For reference: the above alias uses ansible st2 integration pack

Send changes to the newly created GitHub repository and you can install our pack. For this, there is already a ChatOps alias:

 !pack install https://github.com/armab/st2_chatops_aliases

Now you can run simple Ansible ad-hoc commands directly from the Slack chat:

 !ansible "uname -a"

At a low level, this is the same as:

 /opt/stackstorm/virtualenvs/ansible/bin/ansible all --connection=local --args='uname -a' --inventory-file='127.0.0.1,'

But let's look at more useful examples of interactive ChatOps.

Example 1. We get the status of servers

Ansible has a ping module that connects to hosts and returns pong if successful. A simple but powerful example that allows you to understand the status of servers directly from the chat in a matter of seconds without the need to enter the terminal.

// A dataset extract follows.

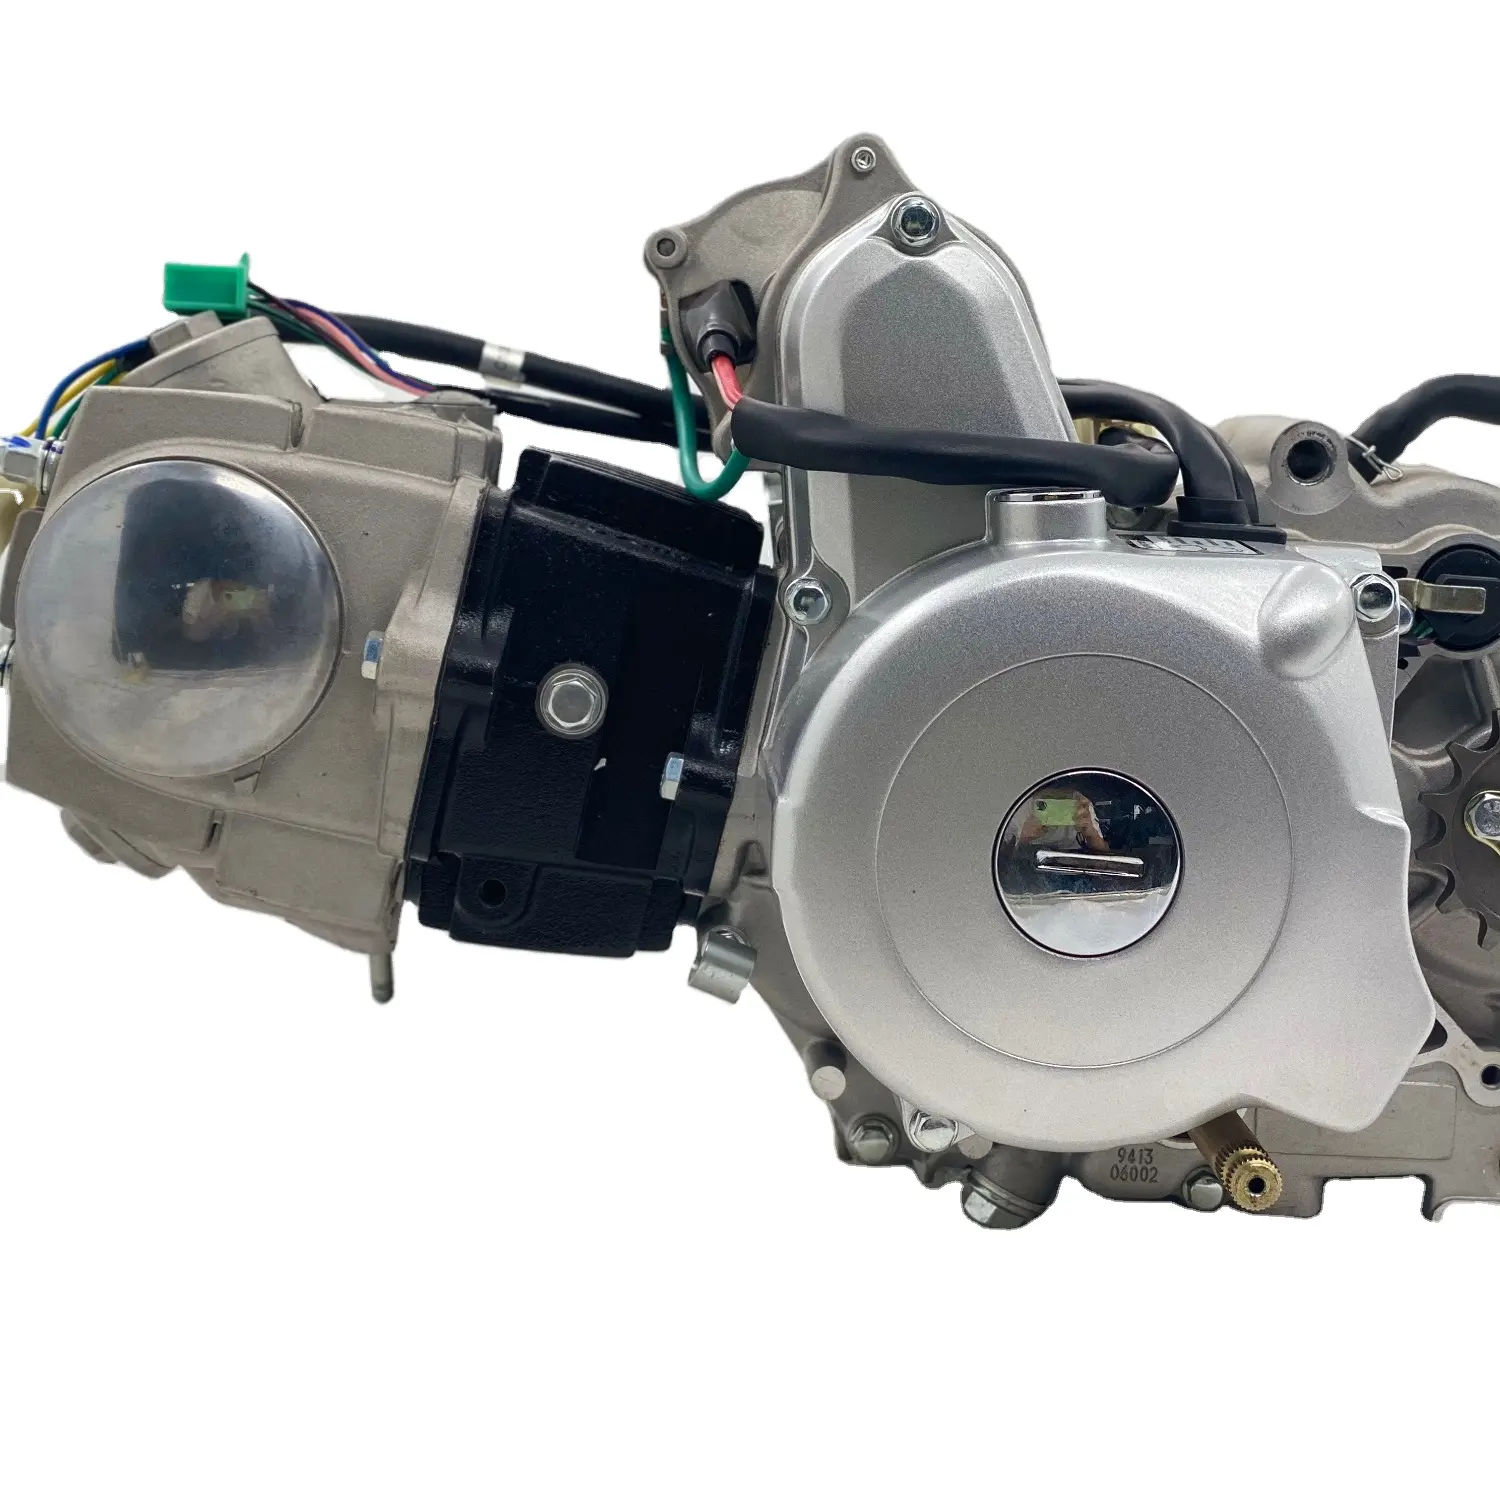 DAYANGパワーエンジン110CC 150cc 200cc 250ccガソリンエンジン三輪車部品信頼性の高い中国製大人用三輪車用
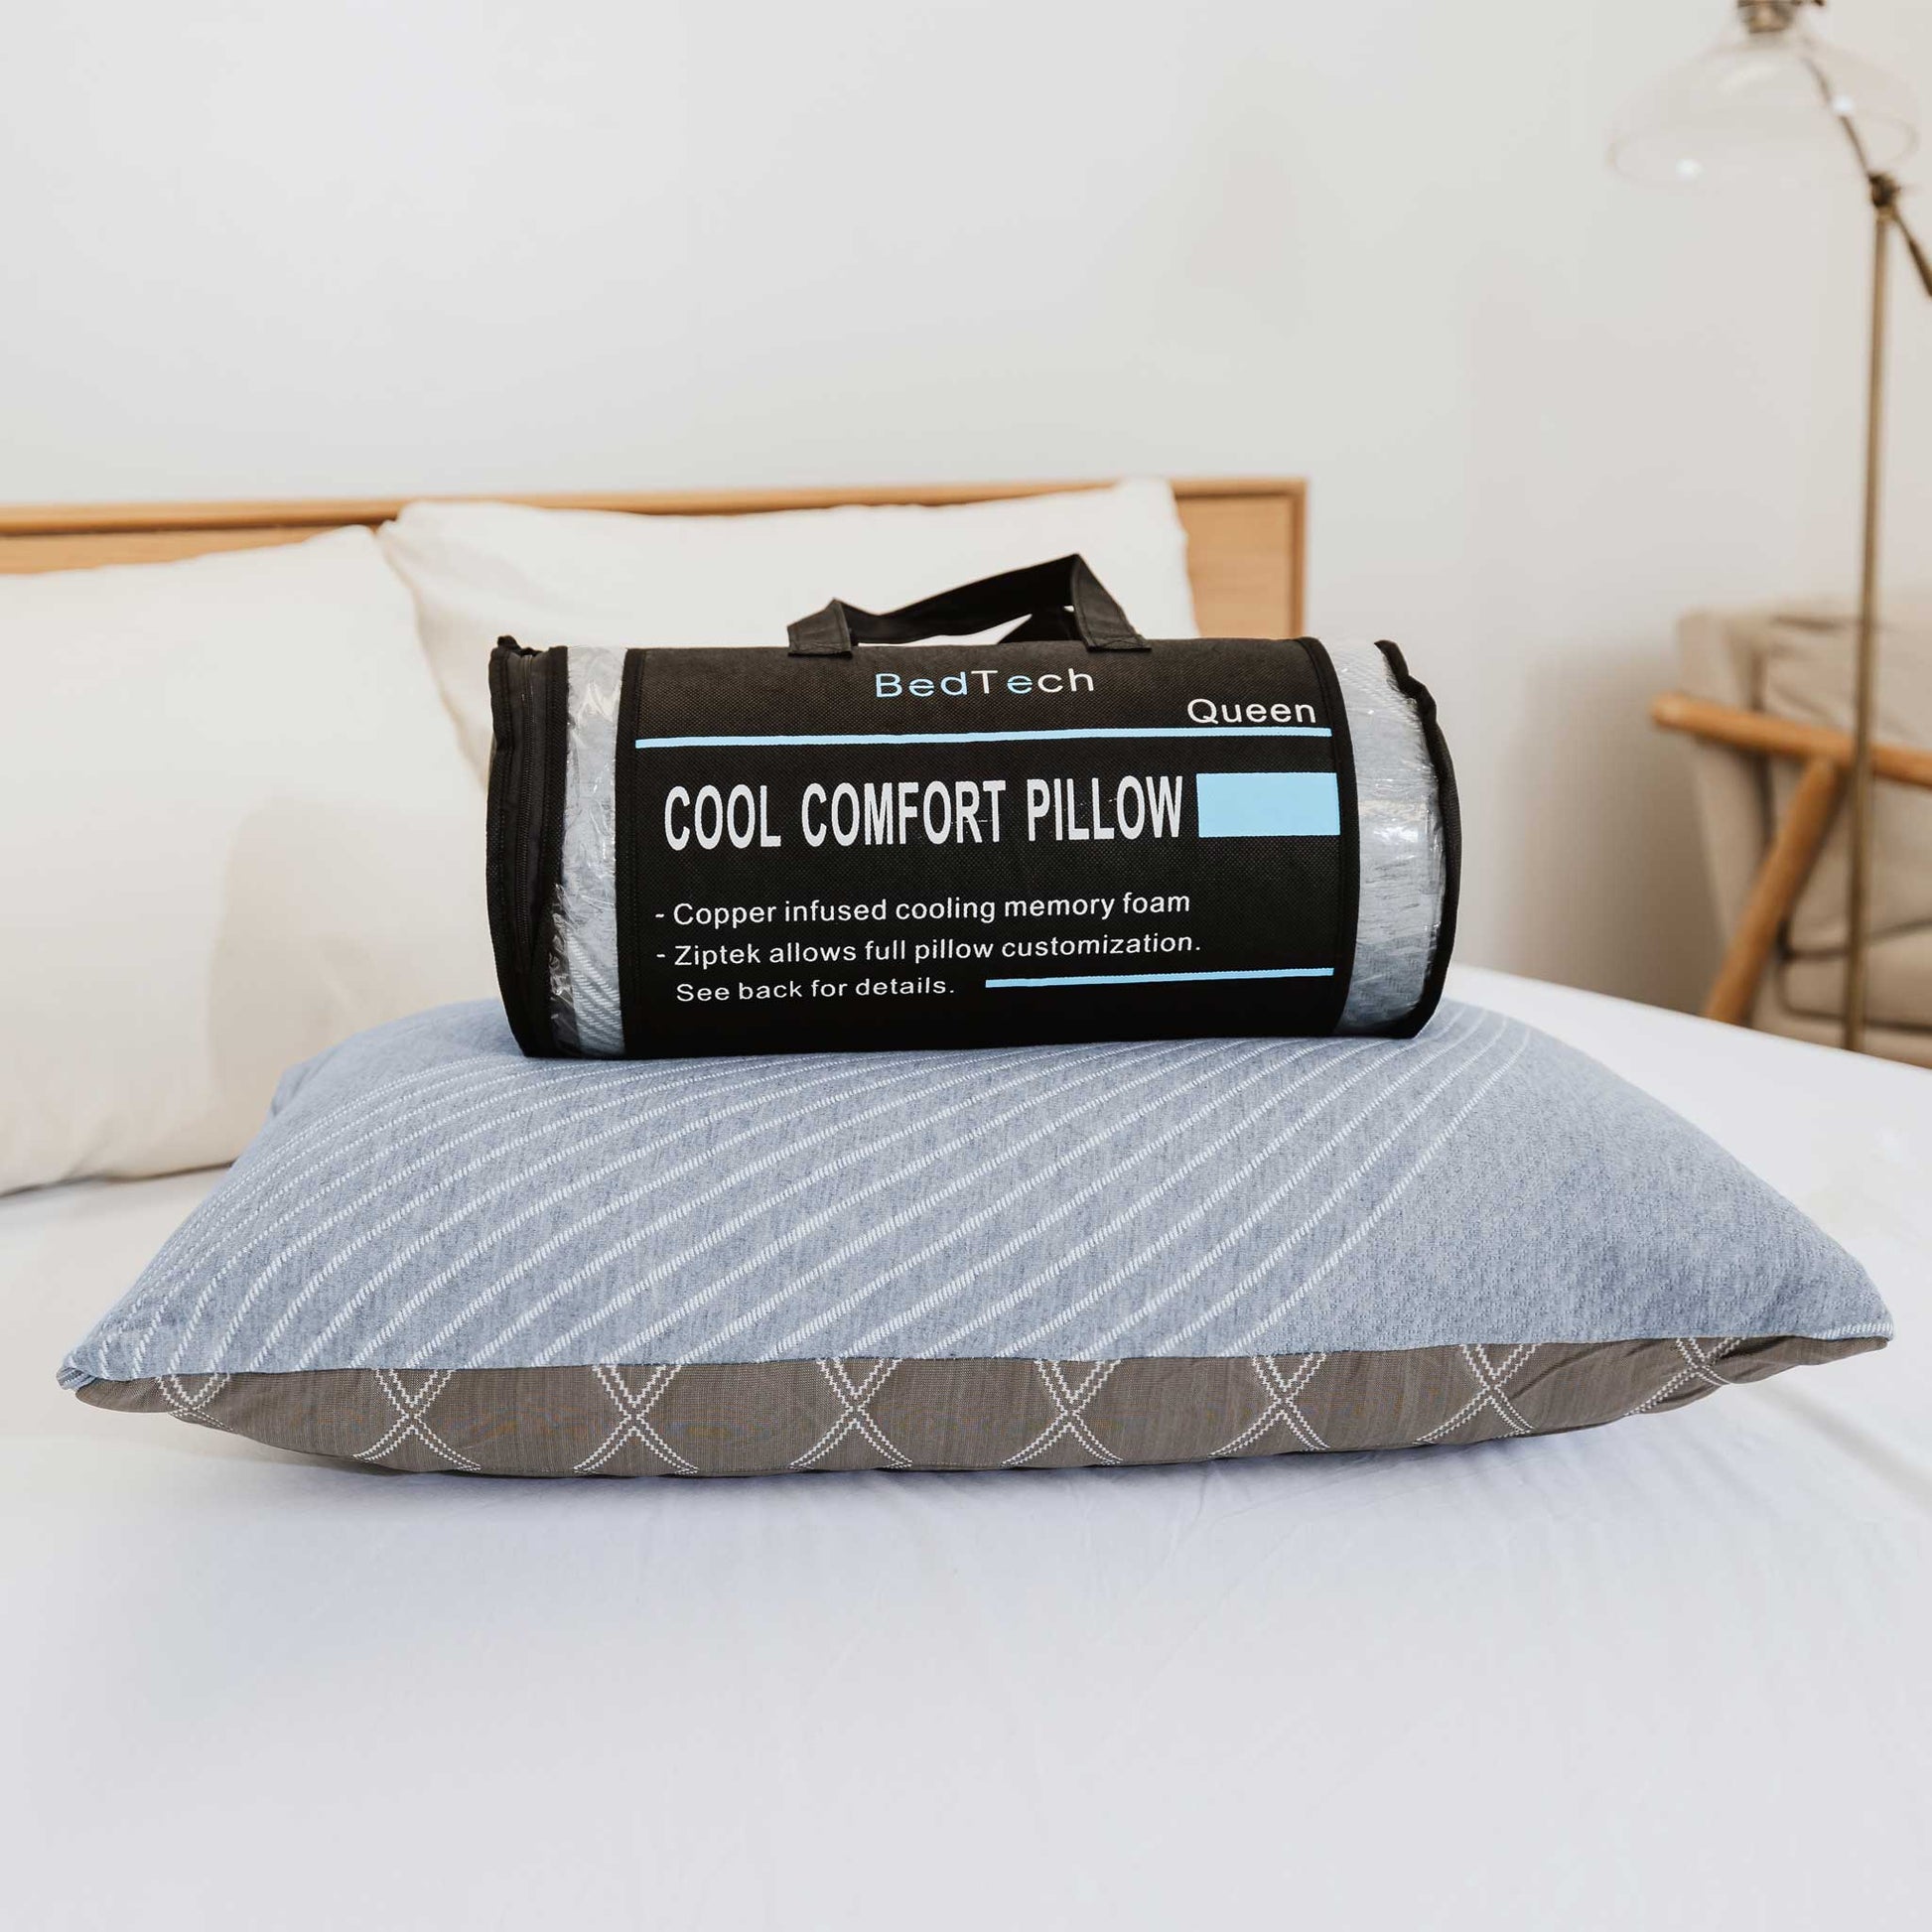 Cool Comfort Pillow – BedTech

To do this, create an action in our pack that launches the real command and action alias , which is syntactic sugar for the action and allows you to create such a ChatOps structure:

 !status 'web'

Action actions/server-status.yaml :

 --- name: server_status description: Show server status by running ansible ping ad-hoc command runner_type: local-shell-cmd entry_point: "" enabled: true parameters: sudo: description: "Run command with sudo" type: boolean immutable: true default: true kwarg_op: immutable: true cmd: description: "Command to run" type: string immutable: true default: "/opt/stackstorm/virtualenvs/ansible/bin/ansible {{hosts}} --module-name=ping" hosts: description: "Ansible hosts to ping" type: string required: true

By the way, in addition to bash scripts, Action can work with the Python runner, or in general with any binary that can return json , here is all the flexibility of use.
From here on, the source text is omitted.